Что касается военных преступлений как таковых, то большинство из тех, обвинения по которым рассматривались в МВТ и тысячах последовавших за ними других процессов, были нарушениями, совершенными в рамках «старого» права, в основном Гаагских конвенций. Основное новшество Нюрнберга, если это можно назвать новшеством, состояло в том, чтобы постараться прояснить серьезнейшие проблемы ответственности за выполнение приказов вышестоящего начальника и пропорциональности, которые возникали в той или иной форме всякий раз, когда на первый взгляд существова-
ла вероятность того, что действие не совсем уже безнадежно противозаконно, чего не могло быть, когда речь шла о взятии заложников, казнях, разрушениях и всем том, что объявлялось репрессалиями. Но, как мы увидим, ни одна из этих проблем не была прояснена в достаточной степени, чтобы сделать ее недосягаемой для бесконечных сомнений юридической или военной природы. Бесспорными инновациями, заслужившими почетное место среди Нюрнбергских принципов, были лишь утверждение личной ответственности, вплоть до глав государств и высших правительственных чиновников, за преступления против международного права и отказ от принятия аргумента защиты о «приказе вышестоящего начальника», кроме как в качестве основания для смягчения приговора.
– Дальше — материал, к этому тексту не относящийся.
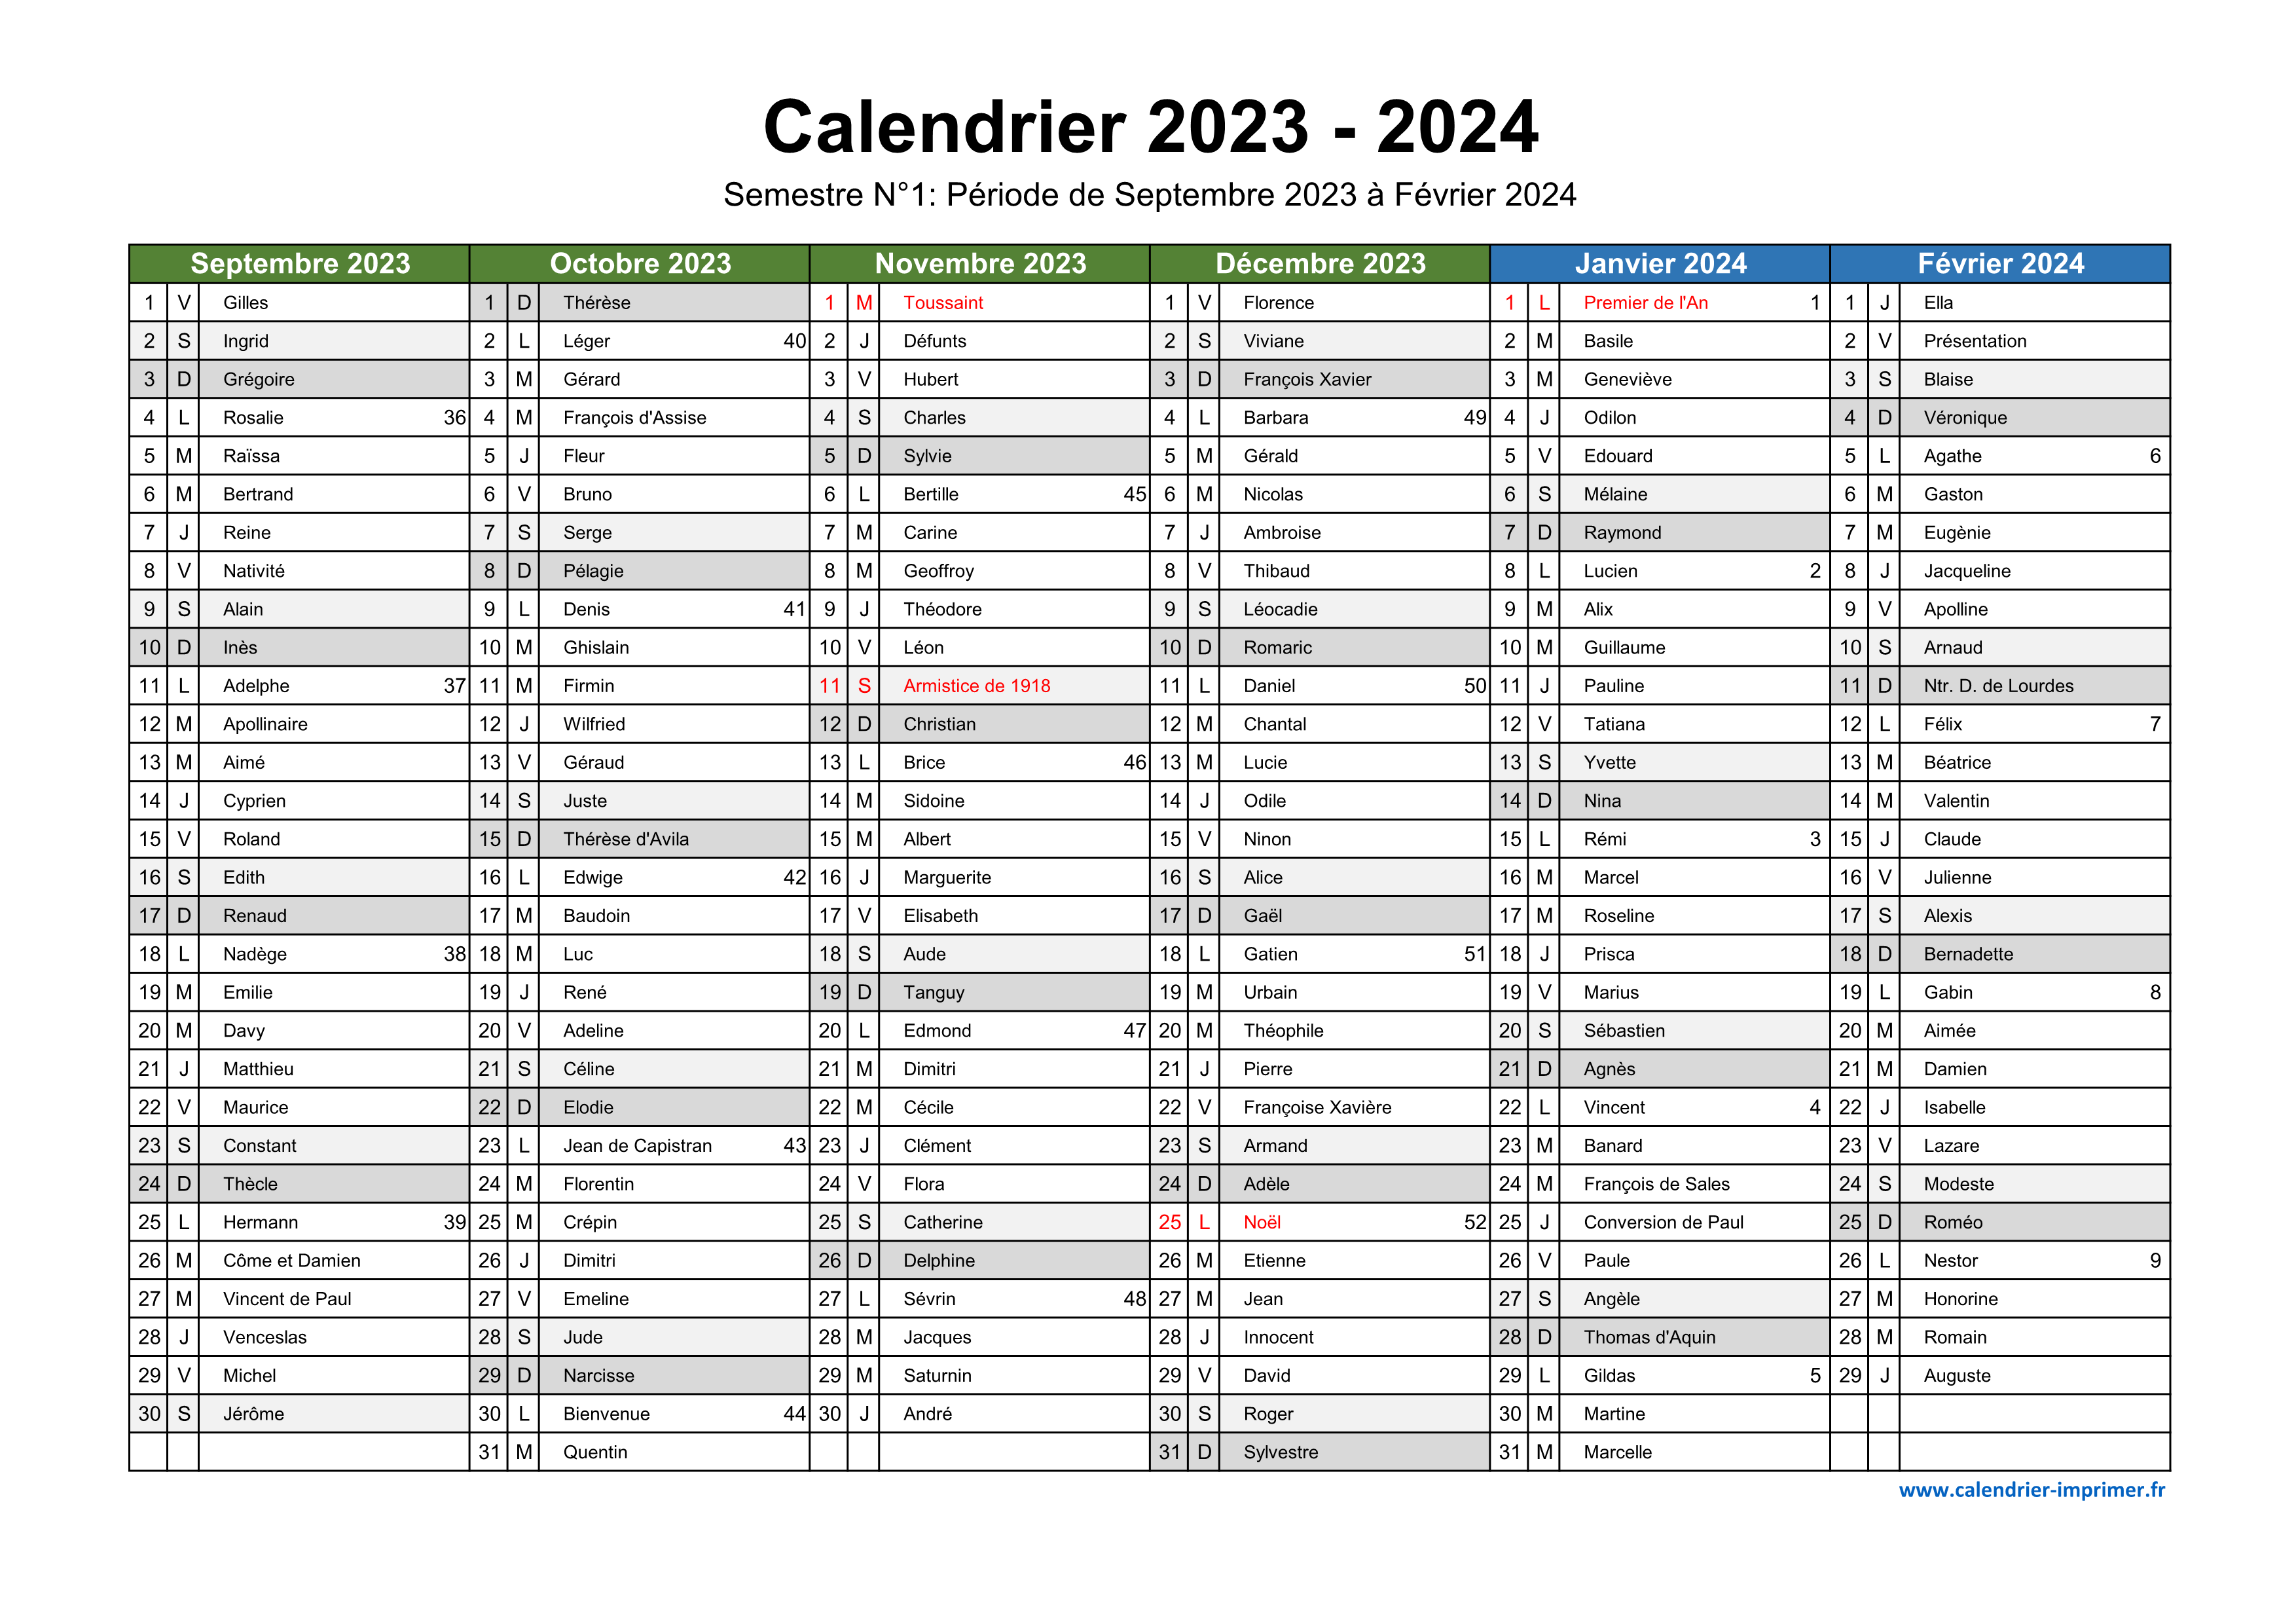 Téléchargez gratuitement notre calendrier 2023-2024
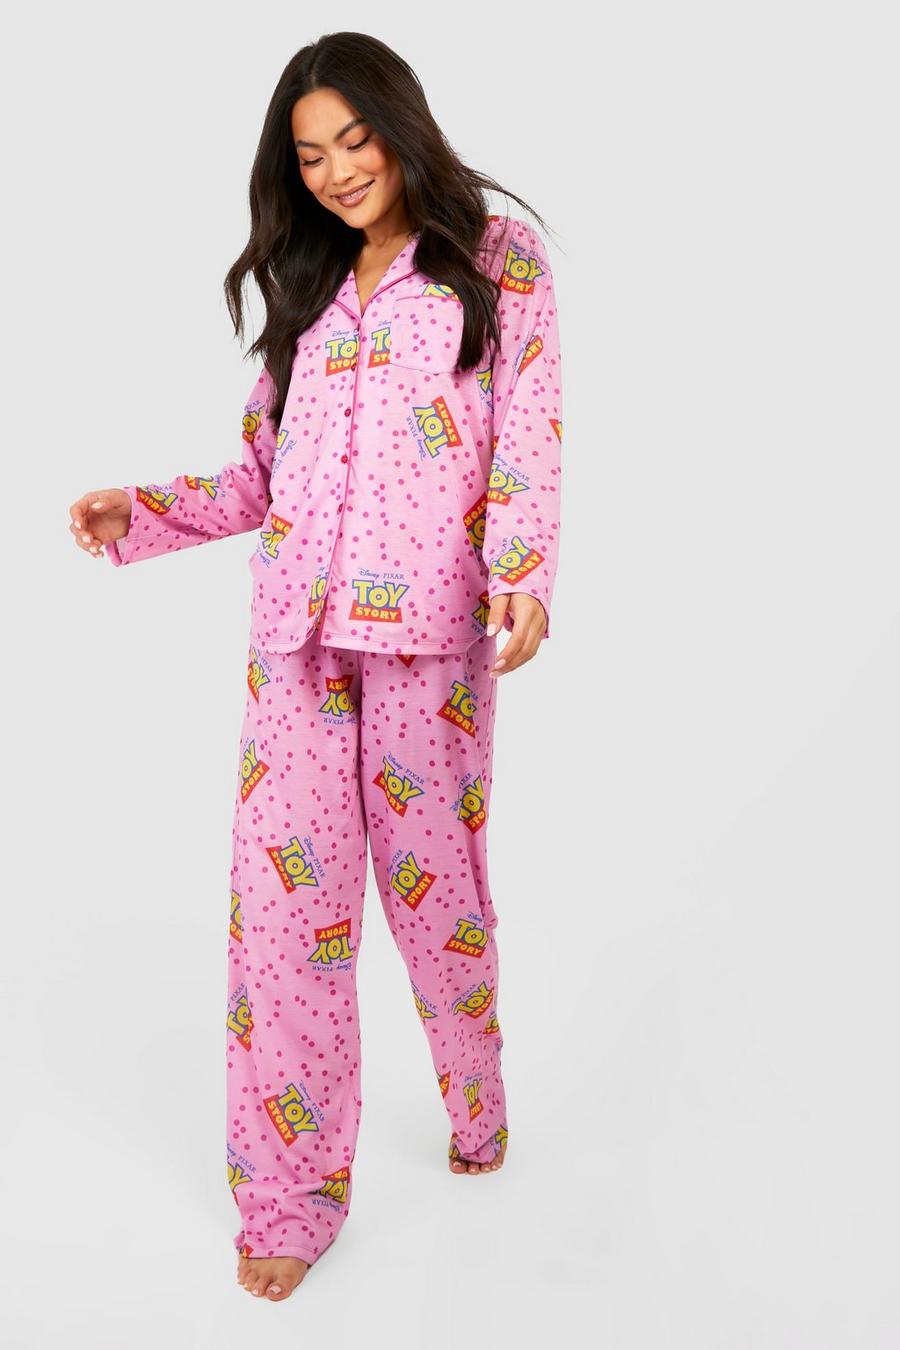 Pijama de Disney con pantalón, botones y estampado de Toy Story, Pink rosa
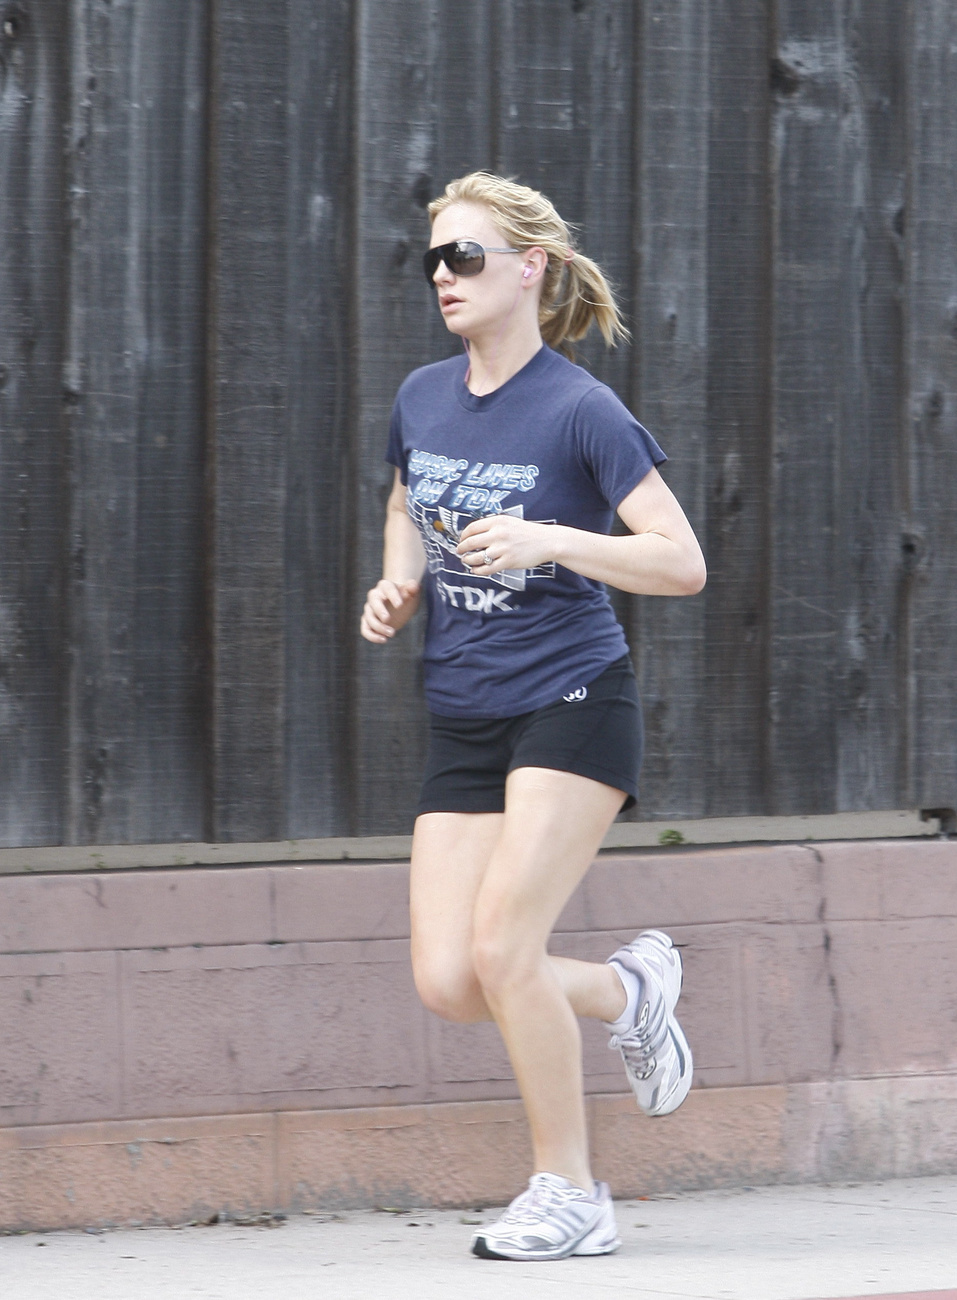 Reese Witherspoon nemcsak jógázik, hanem fut is
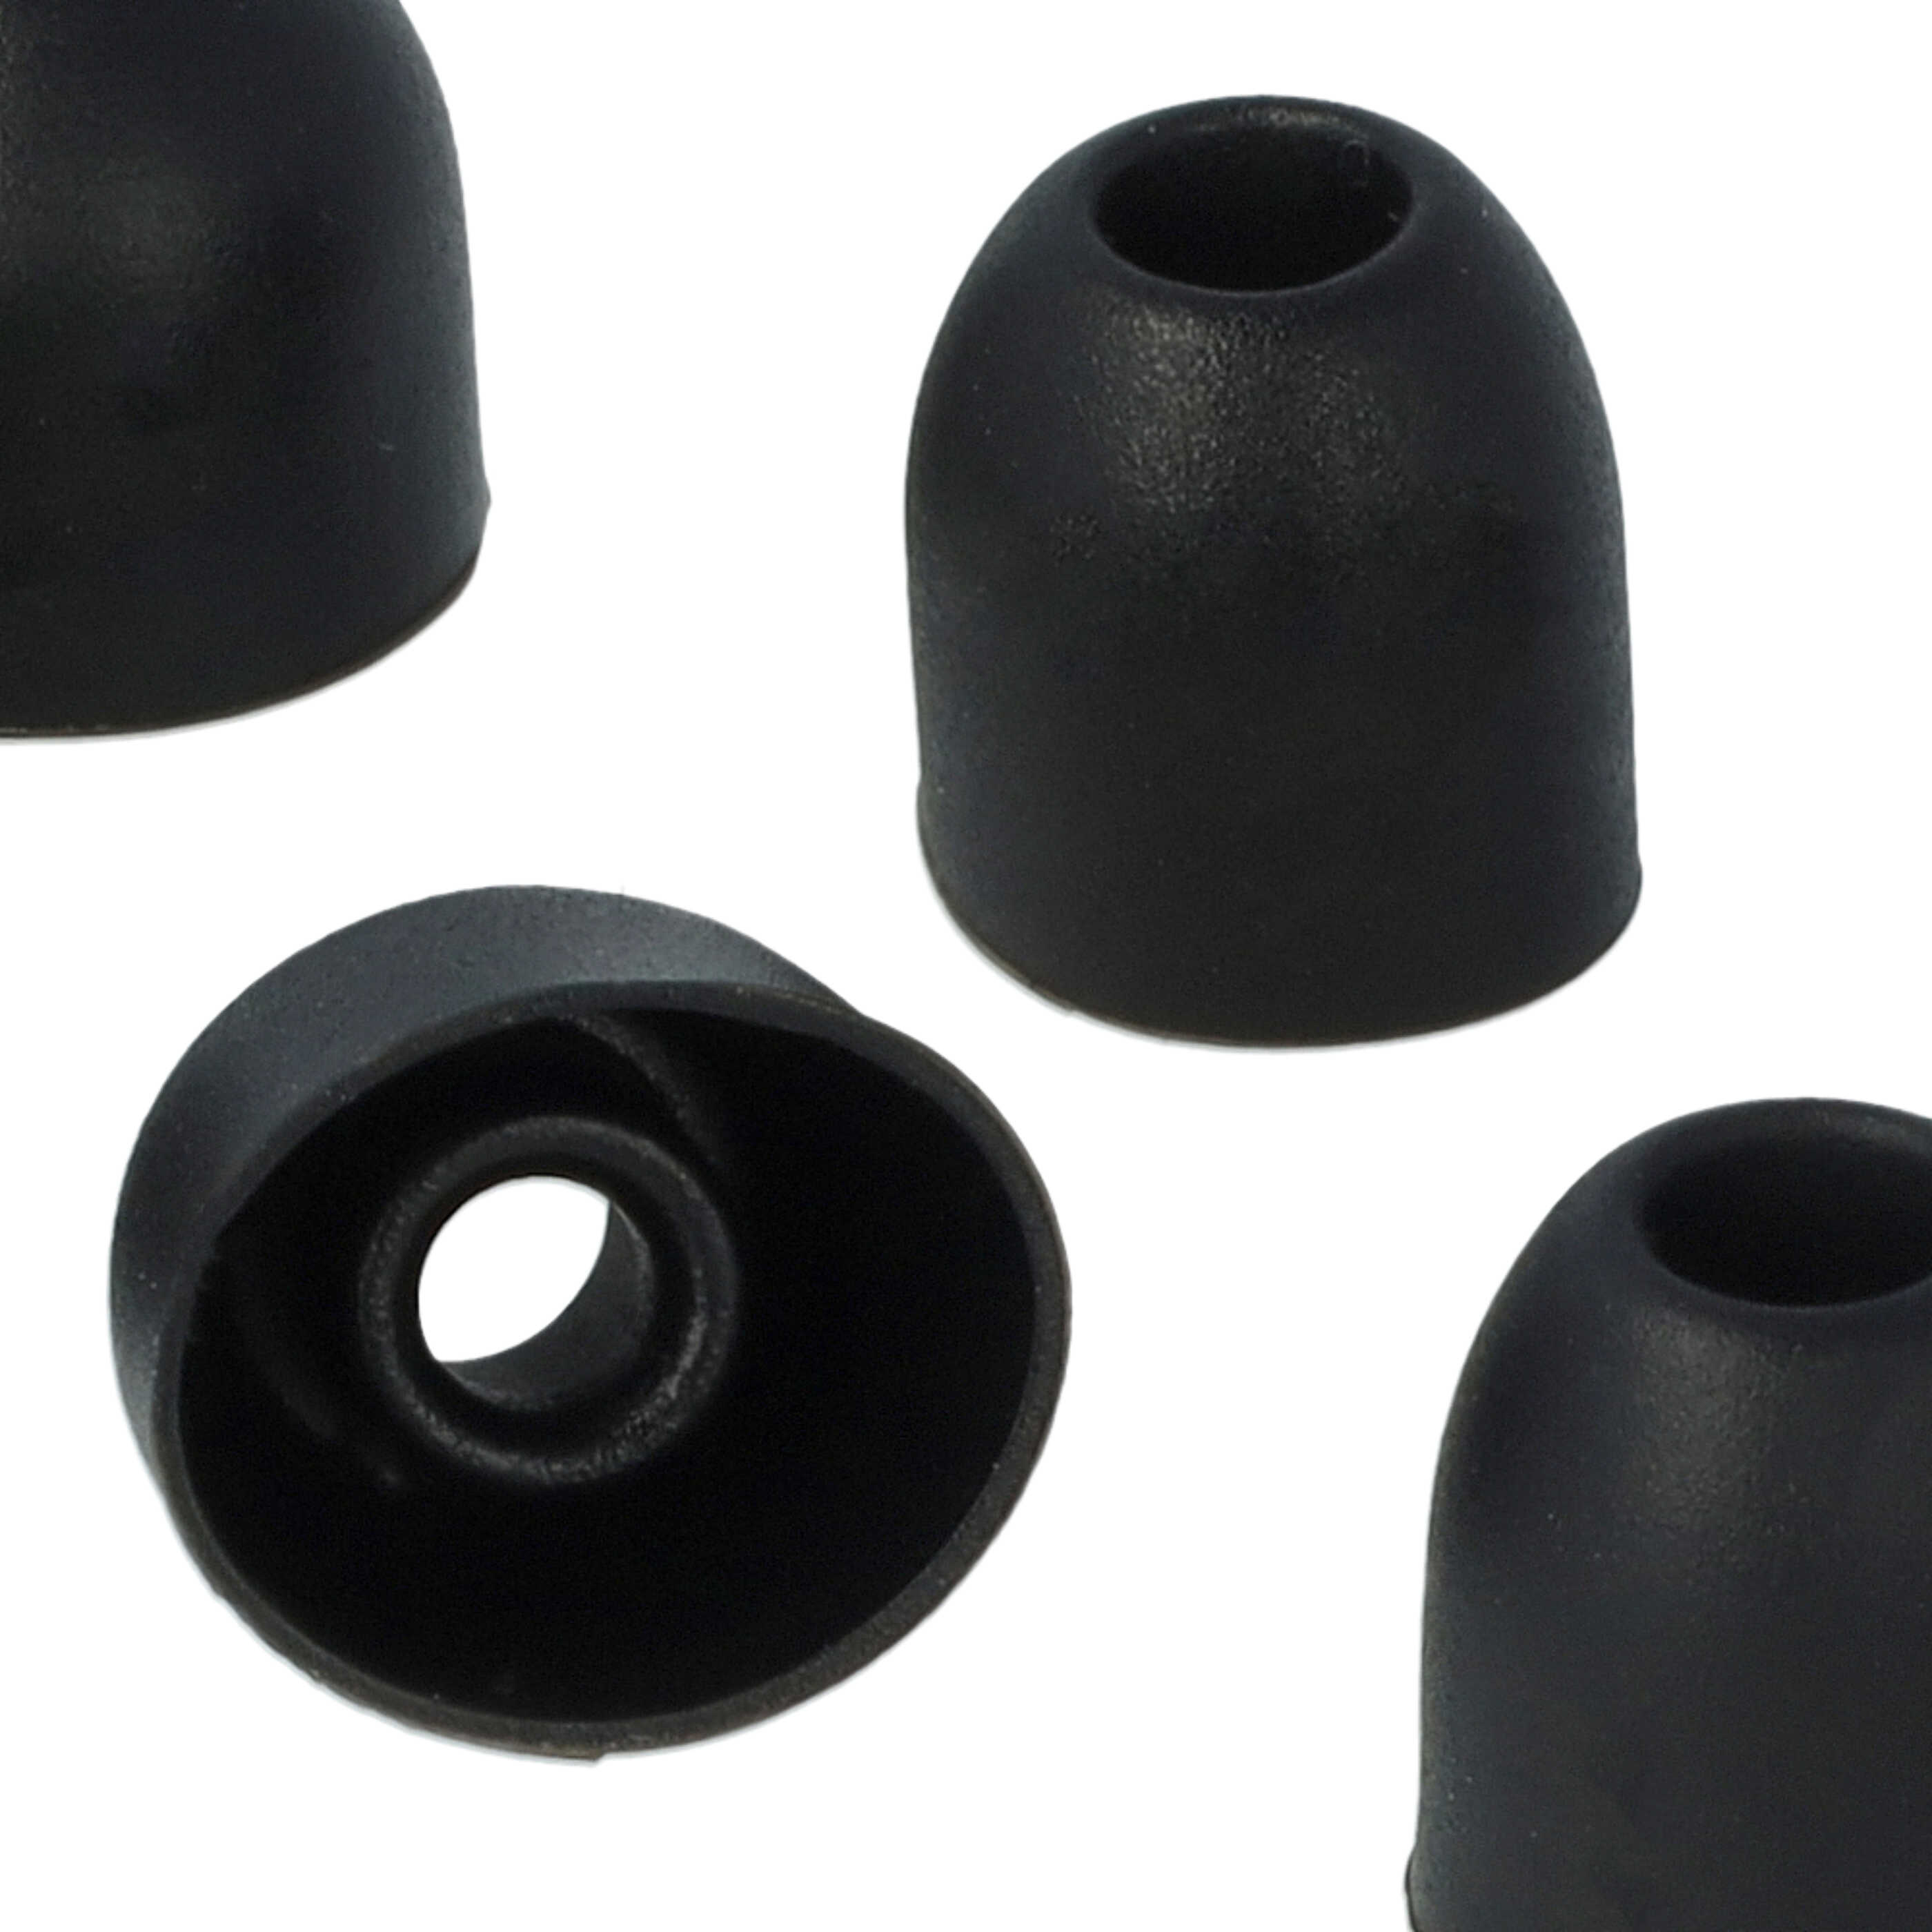 vhbw 7 Paar Ohrstöpsel passend für Sony WF-1000XM3 kabellose Kopfhörer - Schwarz / Weiß, Silikon, Weich

Список военных преступлений в формулировках Международного суда ничем не отличался от данного в Уставе МВТ. Проблемы, возникающие в рамках этого списка, которые не были решены в приговорах МВТ, так и остались нерешенными. Проблемы, не поднятые в Уставе или в судебных процессах, еще предстояло поднять. Поскольку эти проблемы охватывали потенциально наиболее разрушительные аспекты современной войны, нетрудно понять, сколько всего еще предстояло сделать. Могло ли право быть действенным в тотальной войне, с которой столкнулся XX век, и если да, до какой степени — вопрос, который ждал ответа с 1918 г., по-прежнему оставался неразрешенным. Ответ был необходим не только в отношении стратегических бомбардировок (как самого яркого проявления новой реальности) и морской блокады. В течение целого ряда лет он в скрытом виде присутствовал в постановке другого вопроса, который был связан с войной на суше и которого суды только коснулись, а именно вопроса о законности партизанского и народного сопротивления жителей страны иностранному и колониальному владычеству. Термин «народная война» был еще не слишком распространенным в лексиконе современной войны.